Normalizing for Cell Type: Does it matter?

Team

Table of group members with their background, degree, affiliations and job assignments.

Name	Degree/Affiliation	Speacilizations	Job Assignments
Samantha Schaffner	Medical Genetics	Neuroepigenetics of human development and Parkinson’s Disease	DMR analysis and help with data processing and normalization
Cassia Warren	Interdisciplinary Oncology	Biomarker development for Vitamin C treatment for Pancreatic cancer	Maintain/organize Github and Cell type correction analysis
Hilary Brewis	Medical Genetics	Histone variants and chromatin structure	Normalization and data processing
Randip Gill	Educational Psychology	Social epigenetics	DMR analysis
Lisa Wei	Bioinformatics	Cancer genomics, sequence analysis	Help maintain/organize Github and overall methylation level differences between brain subregions

Our project uses data that was generated for the paper Interindividual methylomic variation across blood, cortex, and cerebellum: implications for epigenetic studies of neurological and neuropsychiatric phenotypes. Hannon et al 2015

An outline of our project can be found in our Project proposal.

Introduction

DNA methylation (DNAm), or covalent attachment of a methyl group to the 5’ position of cytosine bases located in CpG dinucleotides, plays a crucial role in maintaining patterns of gene expression during human development and aging. Along with other epigenetic modifications, DNAm is sensitive to environmental influences and can change over an individual’s lifespan. Thus, understanding the human methylome is important for determining both biomarkers for - and direct pathways implicating - health and disease 1. Aberrant DNAm patterns have been correlated with common neurodegenerative disorders, including Alzheimer’s Disease and Parkinson’s Disease 2, as well as with mental disorders such as schizophrenia 3,4. However, much of the literature on either the diseased or healthy brain methylome fails to separate DNAm data by cell type composition - a major driver of DNAm variability - or by brain region 5-8.

Motivation

The Hannon et al paper compared methylation levels across brain regions and the blood to determine differential methylation between the regions. However their analysis did not include normalizing for cell type which is a major driver of DNAm variability 5-8. Correcting for cell type would enable a comparison of differential methylation independent of cell type. Therefore, we wanted to further evaluate whether cell type correction is necessary for this analysis and determine differentially methylated regions that would be missed if cell type correction was not included in the analysis.

Objectives

To determine whether cell type correction between brain regions is necessary in the analysis of Illumina HumanMethylation450 BeadChip array data
To investigate probes differentially methylated between cerebellum and cortex regions

Data

Samples of entorhinal cortex (EC), prefrontal cortex (PFC), superior temporal gyrus (STG), and cerebellum (CER) tissue, as well as blood samples, were collected from patients in archives of the MRC London Neurodegenerative Disease Brain Bank. DNA was extracted by phenol-chloroform, followed by degradation and purity analysis; bisulfite conversion was then performed using the Zymo EZ 96 DNA methylation kit (Zymo Research). A total of 531 samples from 122 individuals were included for further analysis.
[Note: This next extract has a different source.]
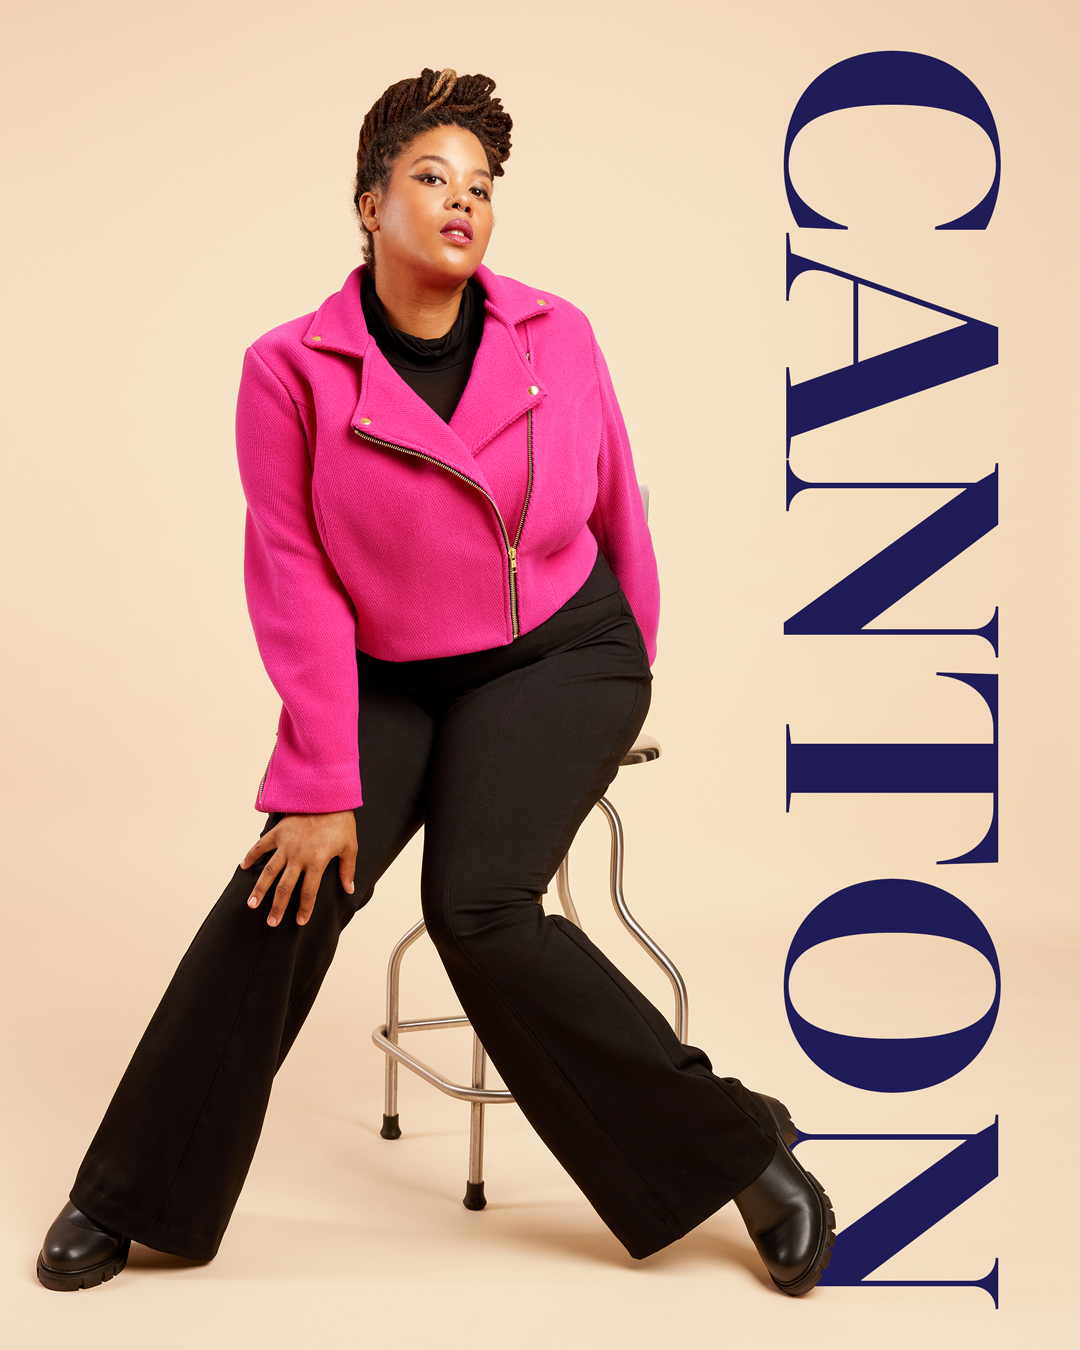 Introducing the Canton Moto Jacket sewing pattern for curves

DNA methylation was determined using Illumina Infinium HumanMethylation450 BeadChip (Illumina) and an Illumina HiScan System (Illumina). Raw signal intensities of the probe were quantified using the Illumina Genome Studio software and converted into beta values using the methylumi package in R.

A description of the data and how it was obtained can be found here.

We downloaded both the dasen normalized data and the QN normalized data. Meta data was obtained from GEO using this code.

Analysis and tasks directory

Methodology with division of labour and links to analysis.

Processing
- Dasen data was filtered using this code and QN data was filtered using this code (Hilary,Sam)
- Blood samples were then removed from the data (Cassia)
- The QN-normalized beta values were then BMIQ normalized (Sam)
- The BMIQ data set went through cell type prediction and Principal Component Analysis, ComBat, and CETS cell type correction (Sam)

A overview of the processing steps are visualized in this pipeline:

Analysis
- Sample to sample correlation plots and heatmaps were created from various codes that can be found with explanations in the working_code README. This is the final code for the BMIQ data and dasen data (Cassia, Lisa, Hilary)
- Differentially methylated probe (DMP) and differentially methylated region (DMR) analysis was conduced using various codes and linear modelling for delta betas and generating volcano plots was performed on batch-corrected data here and cell-corrected data here (Randip, Sam)
- DMP analysis was conducted on the batch-corrected data here and here. The same analysis was also conducted on the batch and cell-type corrected dataset here and here, where comparisons of significant probes (at FDR <= 0.05 and absolute value delta beta >= 0.05) found in these two datasets were also made (Randip)
- Boxplots for the most differentially methylated probes were generated here. Preliminary versions of the code can be found in the README (Cassia)
- Wilcoxon test was performed to compare probe values between cerebellum and cortex for the most significantly differentially methylated probe. The most significantly differentially methylated probe that was found only in the list from cell type corrected, only in non cell-type corrected, and in the overlap was chosen for visualization with the boxplots. The code for the wilcoxon test can be found here (Lisa)
Administrative tasks and preparation of deliverables:
- Project Proposal (Lead: Sam +Lisa, Everyone)
- Repo README directories (Lead: Cassia, everyone)
- Progress report (Lead: Sam + Hilary, everyone)
- Poster (Lead: Cassia + Hilary + Sam, everyone)
- Bibliography (Everyone)

A summary of major analysis, their motivations, and their main results

Processing

Probe filtering was performed to remove probes from the data which would confound our analysis, including probes with SNPs, probes with NAs, and cross-hybridizing probes. Data was also filtered to contain only brain samples (originally had brain + blood). Prior to filtering, there were 485577 probes. Filtering removed 65 SNP probes, 20869 probes that had a SNP within, 11475 probes hybridzing to sex chromosomes, 10673 cross hybrizing X and Y probes, 27415 cross hybridizing autosomal probes, and 176 NA probes. A total of 414904 probes remained.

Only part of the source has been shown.